Questions worth asking your doctor
Bring these to your next appointment. They're a starting point for a shared conversation — not a sign you qualify or a recommendation to enrol.
1Based on my diagnosis and history, is this trial worth exploring for me — or is there a standard treatment we should try first?
2What does this trial's phase tell us about how much is already known about its safety and benefit?
3What would taking part actually involve for me — visits, tests, time, and travel?
4What are the known and possible risks or side effects I should weigh, and how would they be monitored?
5If this trial isn't the right fit, what other options or trials would you suggest I look into?
Generated to help you prepare — always confirm anything about your own eligibility and care with the study team and your doctor.

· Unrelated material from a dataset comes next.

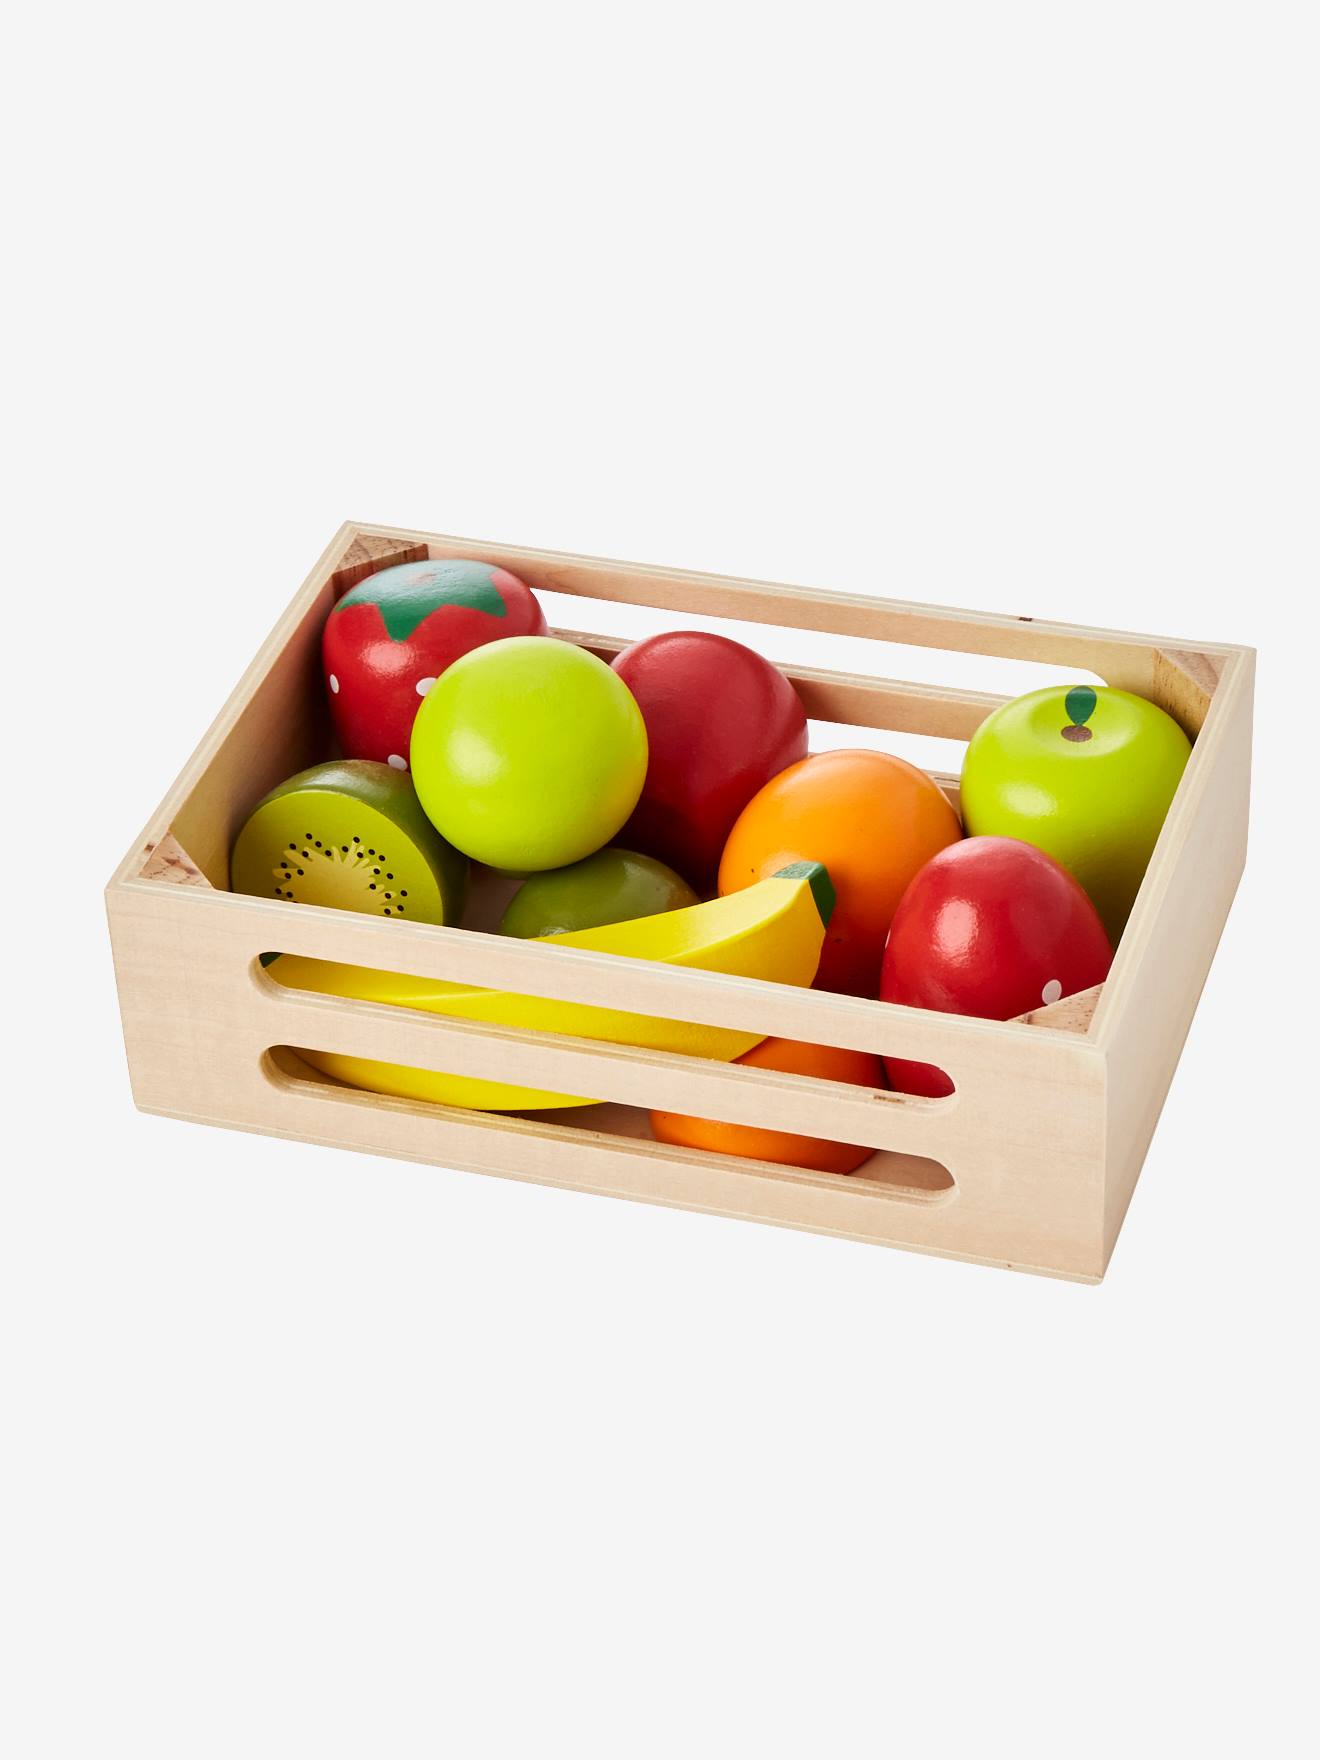 Empilhe as Frutas - Jogo de Madeira - A Casinha Brinquedos

Questions for the trial coordinator
The trial coordinator is the person who runs the study day to day. These cover the practical side — logistics, costs, and what taking part would actually mean for your life. The study team confirms whether you meet the criteria; these are questions to ask, not a sign you qualify.
1What does taking part actually involve week to week — how many visits, where, and how long does each one take?
2What costs are covered by the study, and what might I have to pay for myself, including travel, parking, or time off work?
3What happens during screening, and what happens if the study team confirms I don't meet the criteria after those tests?
4Who pays for the scans, blood work, and other tests the trial requires — the study, my insurance, or me?
5How will being in the trial affect my regular care, and will my own doctor stay informed and involved?
6Can I leave the trial at any point if I change my mind, and what would happen to my care if I do?
A starting point for the conversation — always confirm anything about your own eligibility, costs, and care with the study team and your doctor.
What they're measuring
1
The primary endpoint is the change from baseline in UACR over the 6-month intervention period.